From a Freedom of Information request to the 43 police forces in England and Wales, the firm found nearly 6,000 staff were caught stealing from their employer last year, up by a fifth from the 5,000 incidents recorded during 2021.
This level of crime means 500 employees are being caught stealing every month, although because the data only shows recorded crime, the actual level of undetected thieving is likely to be far higher.
London had the largest number of employee thefts at 874 incidents, a rise of 32% on the year before.
The largest percentage rise in thefts was recorded in Lincolnshire, where incidents rose by 44%.
In only eight areas, including Durham, Warwickshire, Northamptonshire and Staffordshire, was there a fall in employee crime rates.
Although the range of thefts is wide, from petty theft of office supplies, to embezzlement of company funds, commentators claim the rise in criminal activity is linked to the current cost of living crisis.
Speaking to HR magazine Rose Sutton, a senior speciality lines claims expert at Zurich, said: “From our own experience, we know that crime typically rises during periods of financial distress. The increase in employee theft at this time would suggest the cost of living crisis is one of the key drivers.
“Given employee theft is difficult to determine, its true prevalence is likely to be higher than the figures show.”
But Lee Ashwood, employment director at national law firm Freeths, said the data highlights how a broader conversation is needed around employee theft, and whether managers should in these circumstances be either sympathetic or strict with staff.
Speaking to HR magazine he said: “Employers will probably need to be prepared for the fact that people might cite the cost of living as a mitigating circumstance.
"This won’t necessarily change anything from a legal point of view, but it does throw up issues around how the employer will want to be seen by the rest of the workforce. Do they want to be seen as uncaring?”
He said HR directors should not worry that taking a softer approach might set a precedent and encourage others to steal.
He added: “If you review things on a case-by-case basis, there shouldn’t be concern that others might think they can do the same and get away with it.

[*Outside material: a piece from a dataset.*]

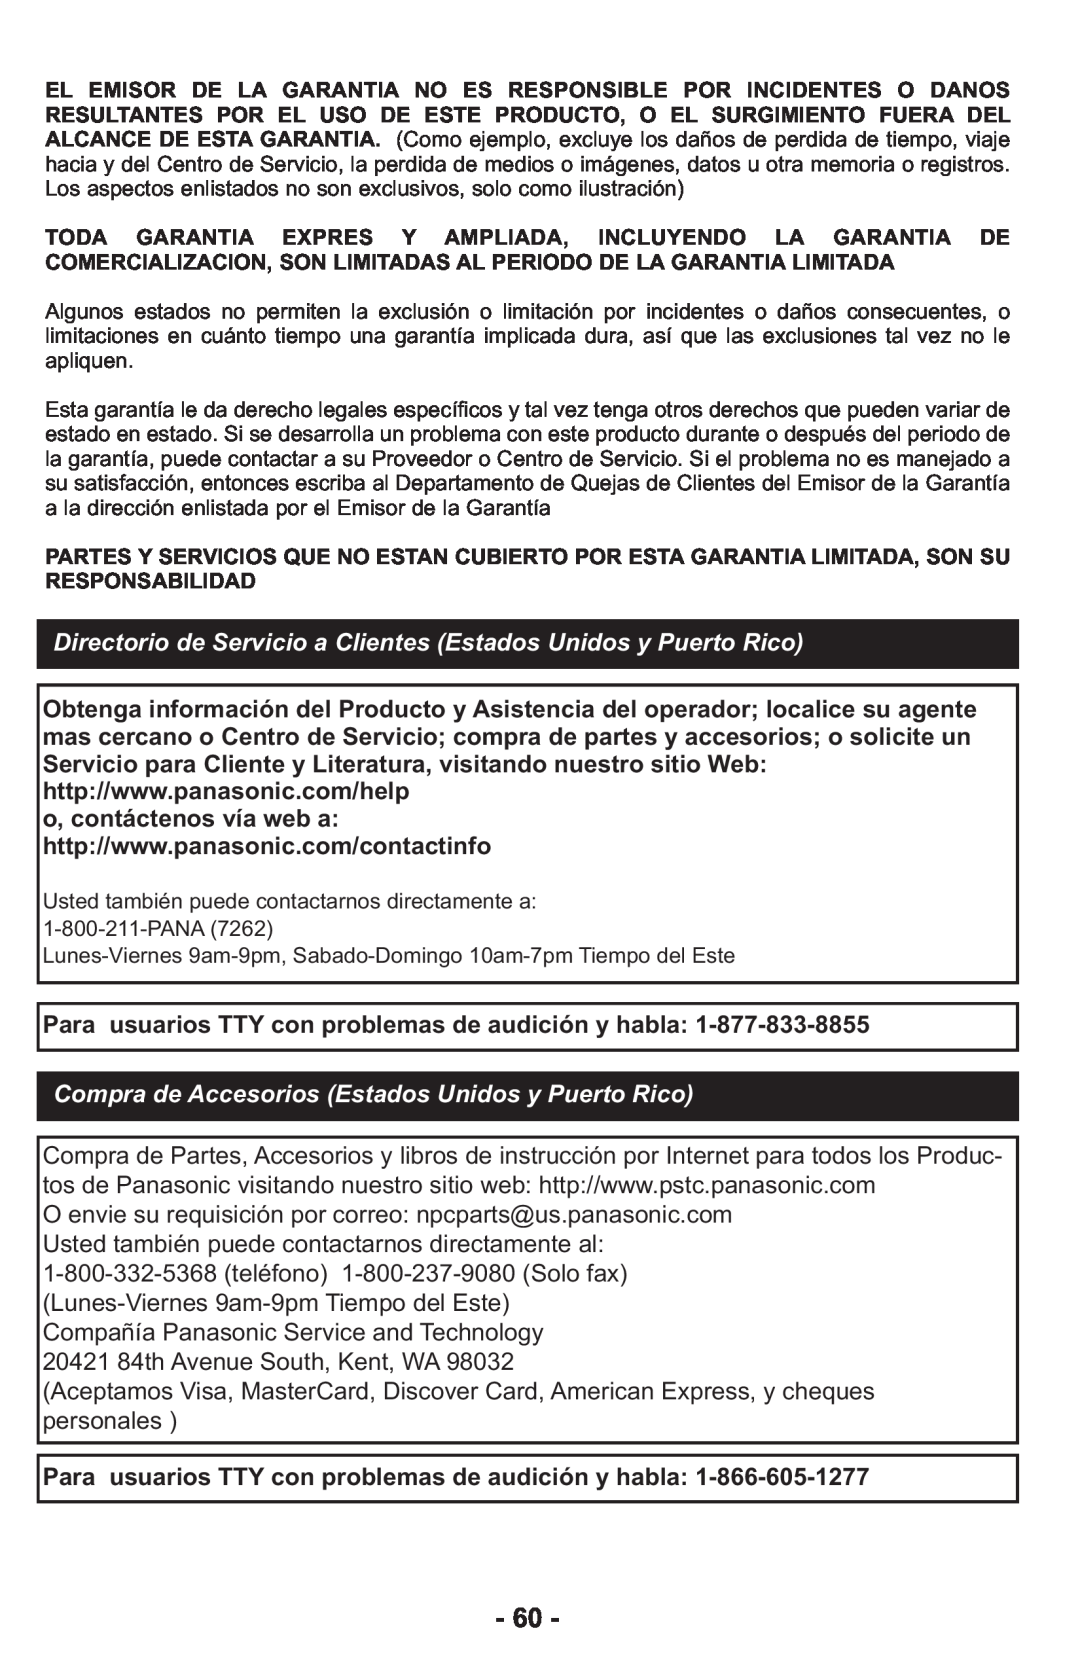 Panasonic MCCG917 manuel dutilisation Compra de Accesorios Estados Unidos y Puerto Rico

“As with all these issues, it’s also about proper procedure. Often the first reaction of employers is that the employee should be sacked. But for a decision to be reasonable, managers need to consider all of the circumstances, including length of service, disciplinary record, whether they have confessed, whether they have show remorse, and whether they can be trusted in the future.”
Sutton added: “While the cost of living is a cause of significant financial anxiety, employee theft is still illegal, as well as being a breach of employer trust. During these difficult times it’s particularly important employers listen to their staff and provide targeted support where they can.”
Proportionately, with nearly 900 incidents and a population of 9 million, London had less crime per head than other areas.
When measured on an incident per-100,000 people of working age basis, London does not appear on the top five list of places for crime.
Northamptonshire had the highest employee crime rate of 43.4 per 100,000 while West Mercia has the lowest level of crime rate at 13.7.
Dylan Jones, CEO of Income & Expenditure Hub, said: "We're not surprised, but saddened at the increase in workplace theft for small items and essentials as recently reported by Zurich. We know from our own research that people of all ages are struggling financially due to the cost of living crisis."
Zurich confirmed that it has also seen a rise in commercial crime claims, with recent crimes including a £150,000 theft by a ring of employees at a food manufacturer and a £50,000 claim from a double-glazing firm defrauded by its finance manager.
In one of the worst cases of employee theft, in 2020 admin manager, Amanda Rees, was sentenced to more than five years in jail after stealing nearly £1 million over the course of six years. She had full access to her company’s bank accounts.
In the US the Association of Certified Fraud Examiners estimates businesses lose 5% of their annual revenue to employee fraud and abuse.